• _What the exercise asks_:
Output the entries below exactly as written, omitting pictures.

• _Supplied material_:
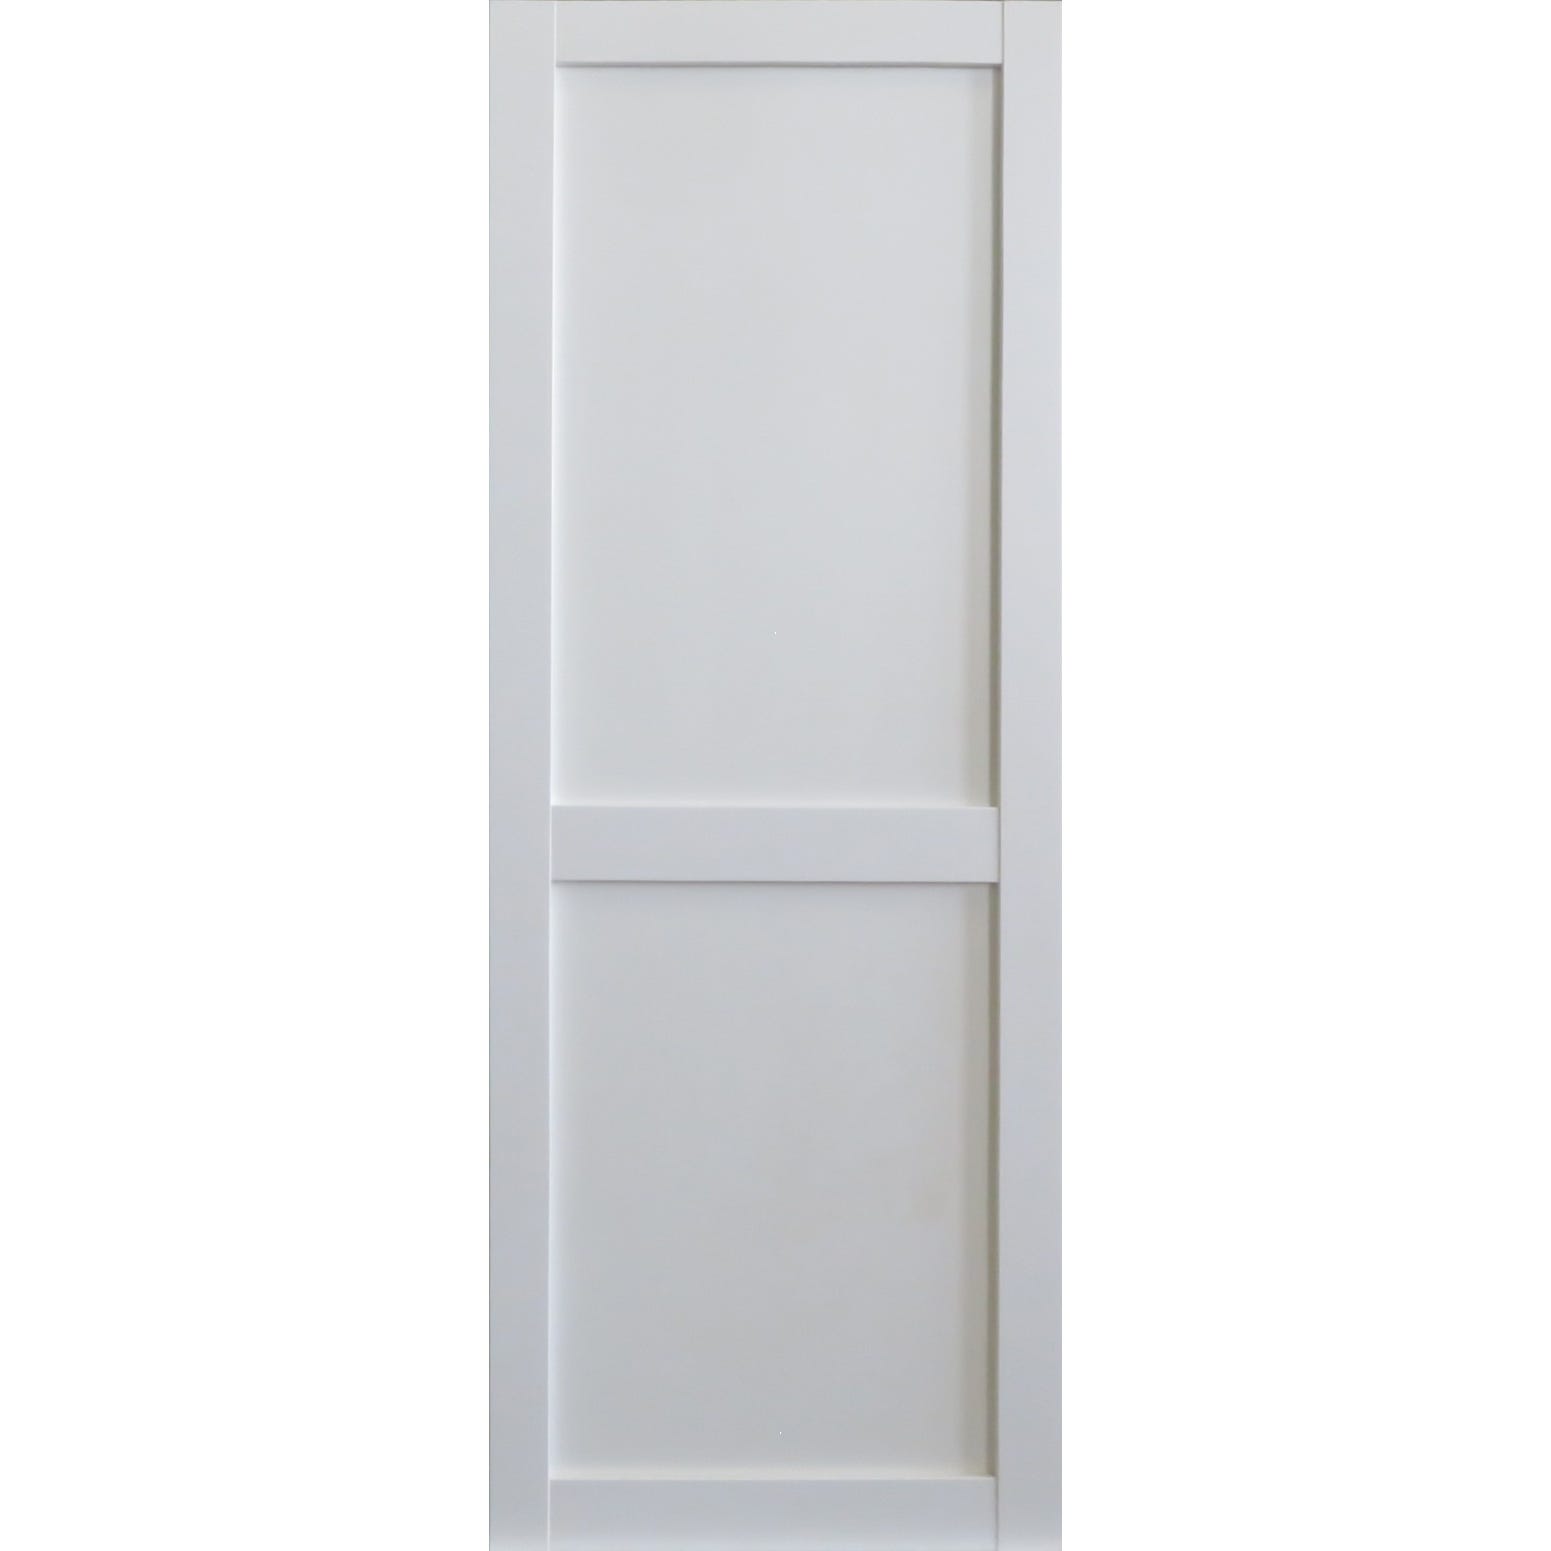 Porte Coulissante Atelier 2 Panneaux Blanc H204 x L83 GD MENUISERIES 0
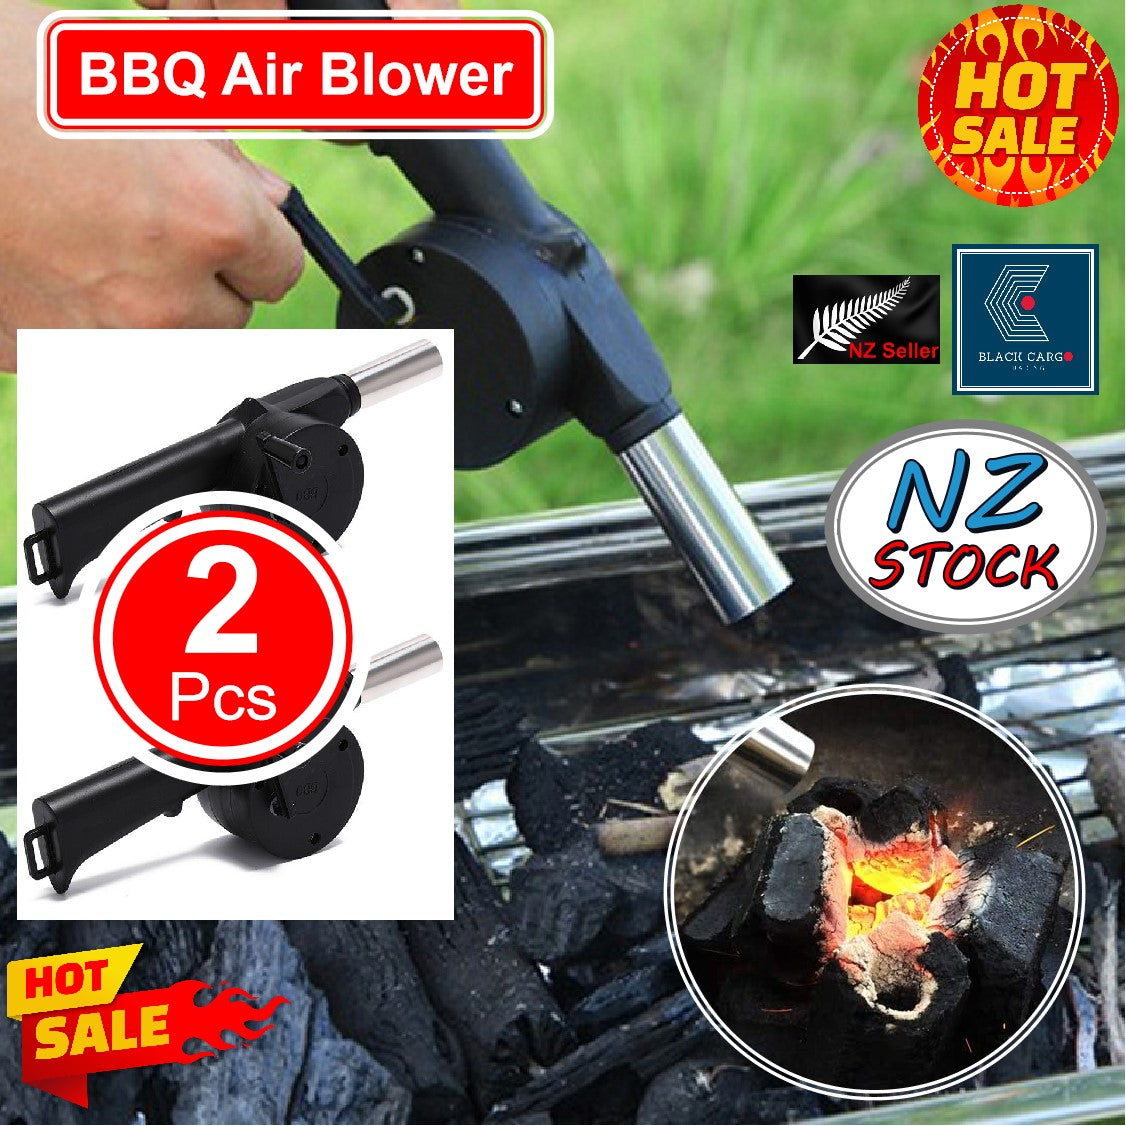 BBQ Fire Air Blower - Referdeal
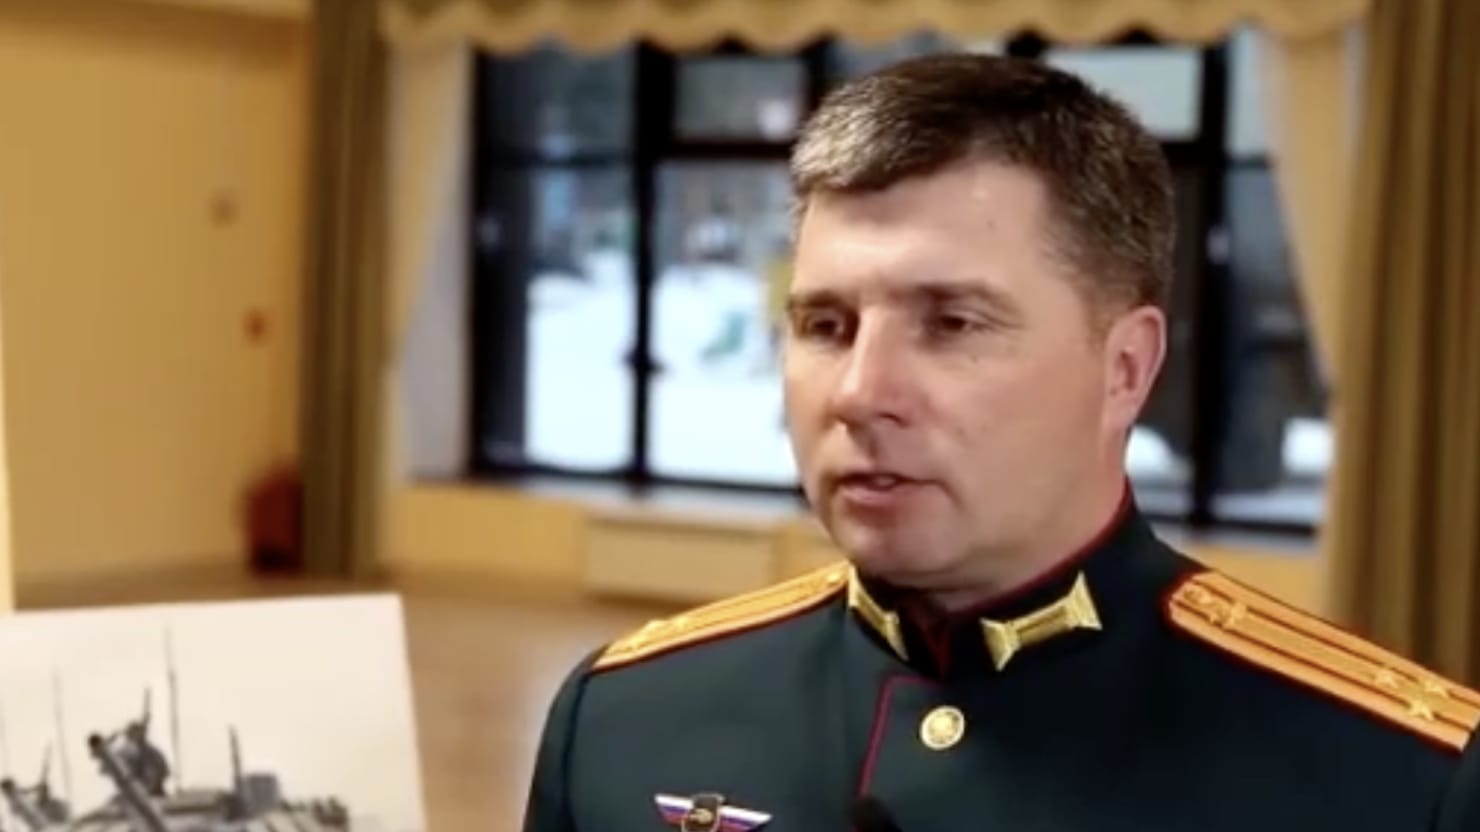 قام الجنرال الروسي فلاديمير سافاتسكي بتفجير نفسه في منجم في أوكرانيا
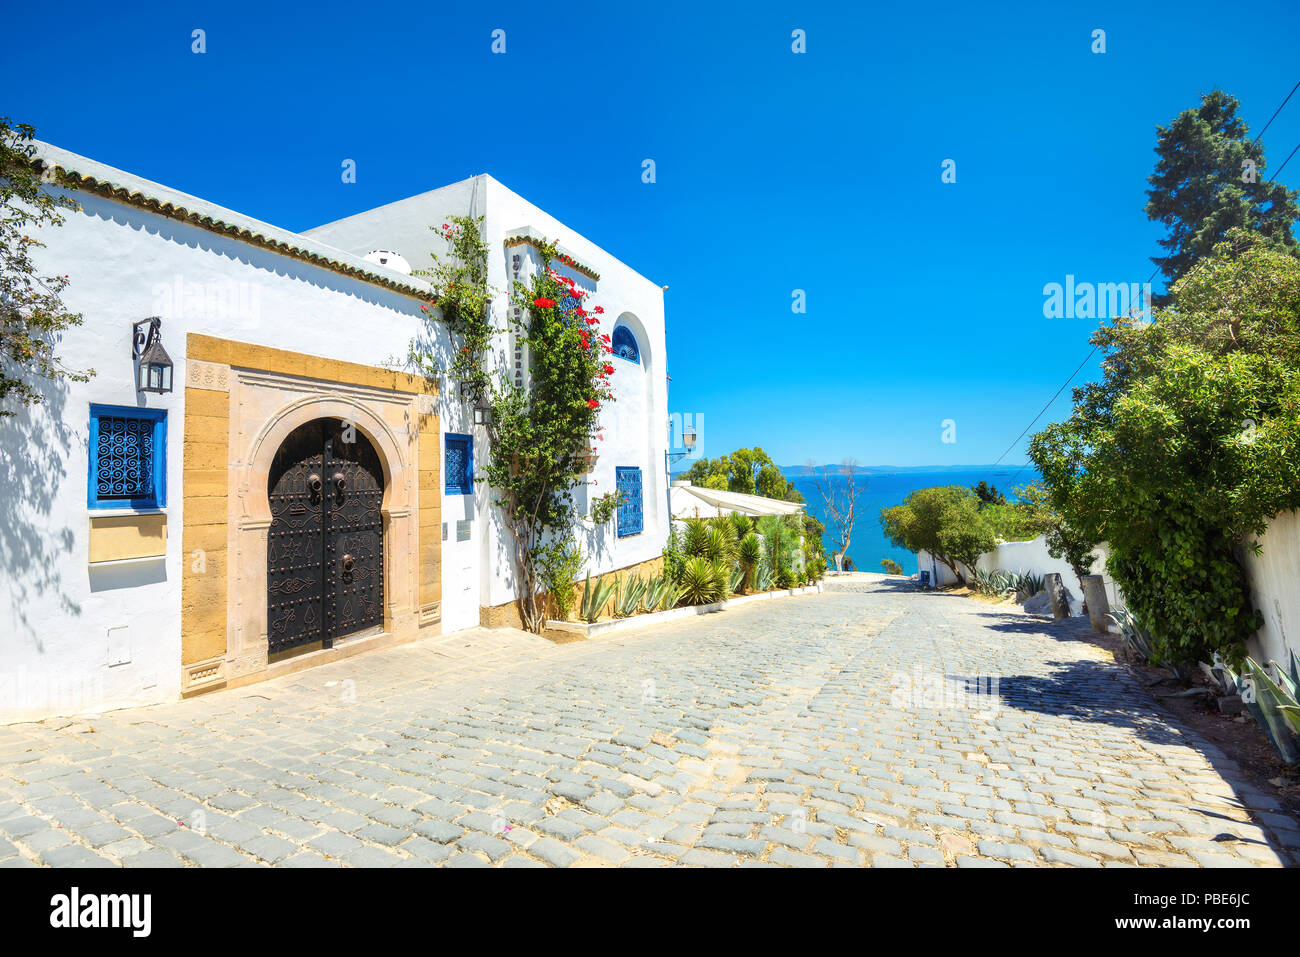 Street in white blue town Sidi Bou Said. Tunisia, North Africa Stock Photo
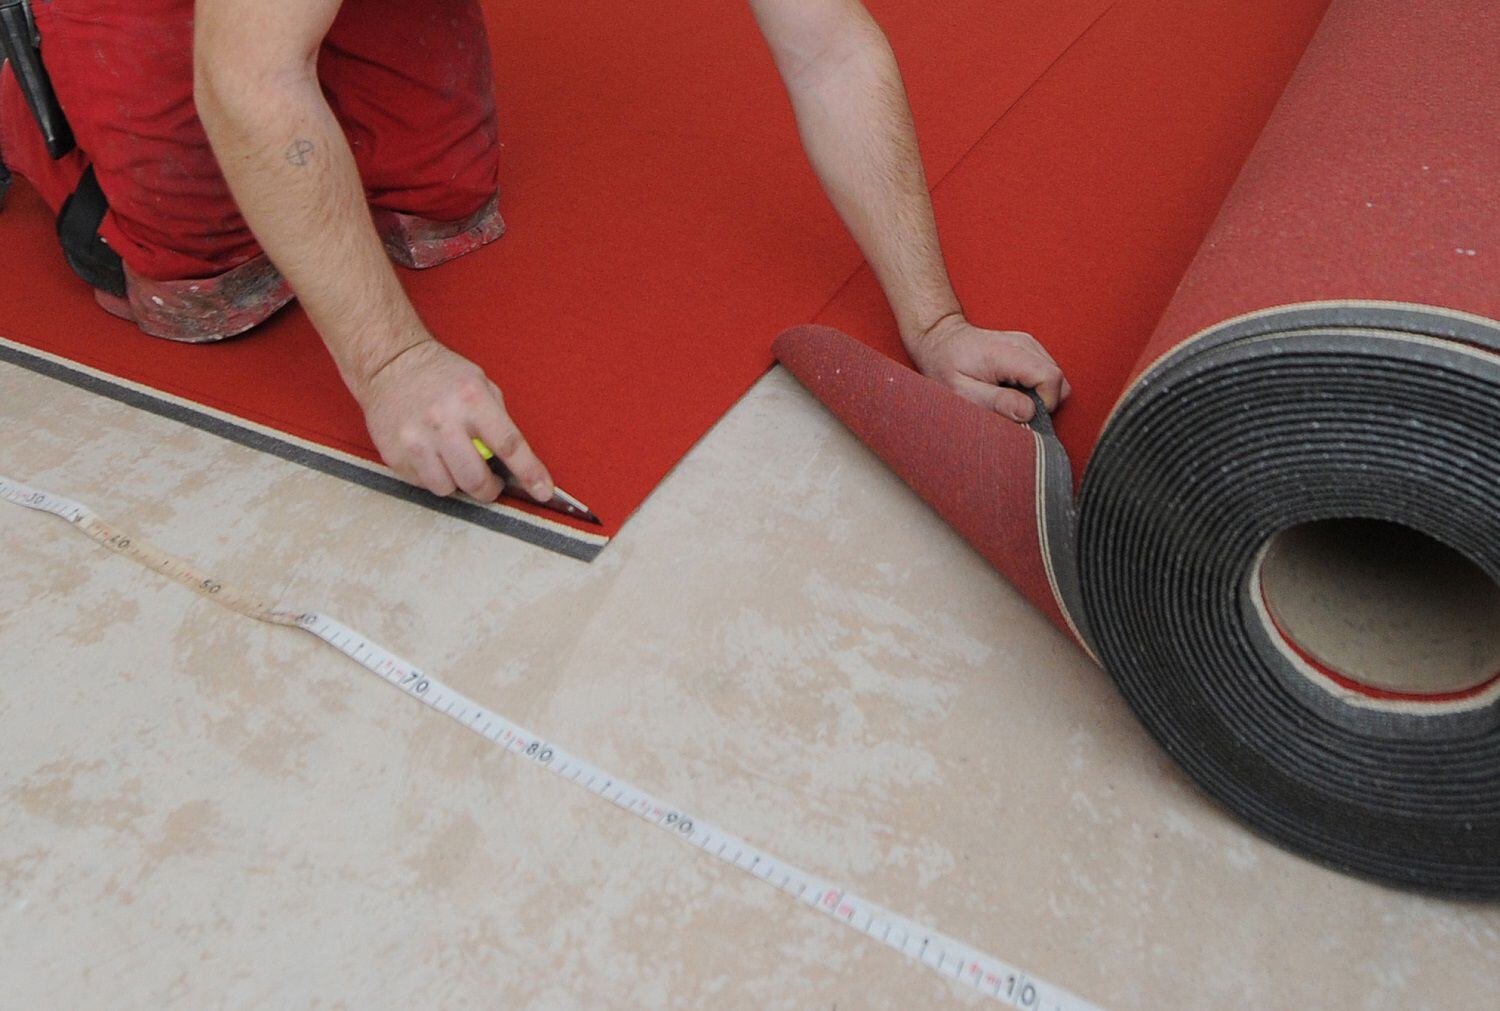 Las alfombras son una gran ayuda para contrarrestar el ruido de las pisadas.

• _Answer box_:
 Porte Coulissante Atelier 2 Panneaux Blanc H204 x L83 GD MENUISERIES 0
 BBQ Fire Air Blower - Referdeal
 قام الجنرال الروسي فلاديمير سافاتسكي بتفجير نفسه في منجم في أوكرانيا
 Street in white blue town Sidi Bou Said. Tunisia, North Africa Stock Photo
 Las alfombras son una gran ayuda para contrarrestar el ruido de las pisadas.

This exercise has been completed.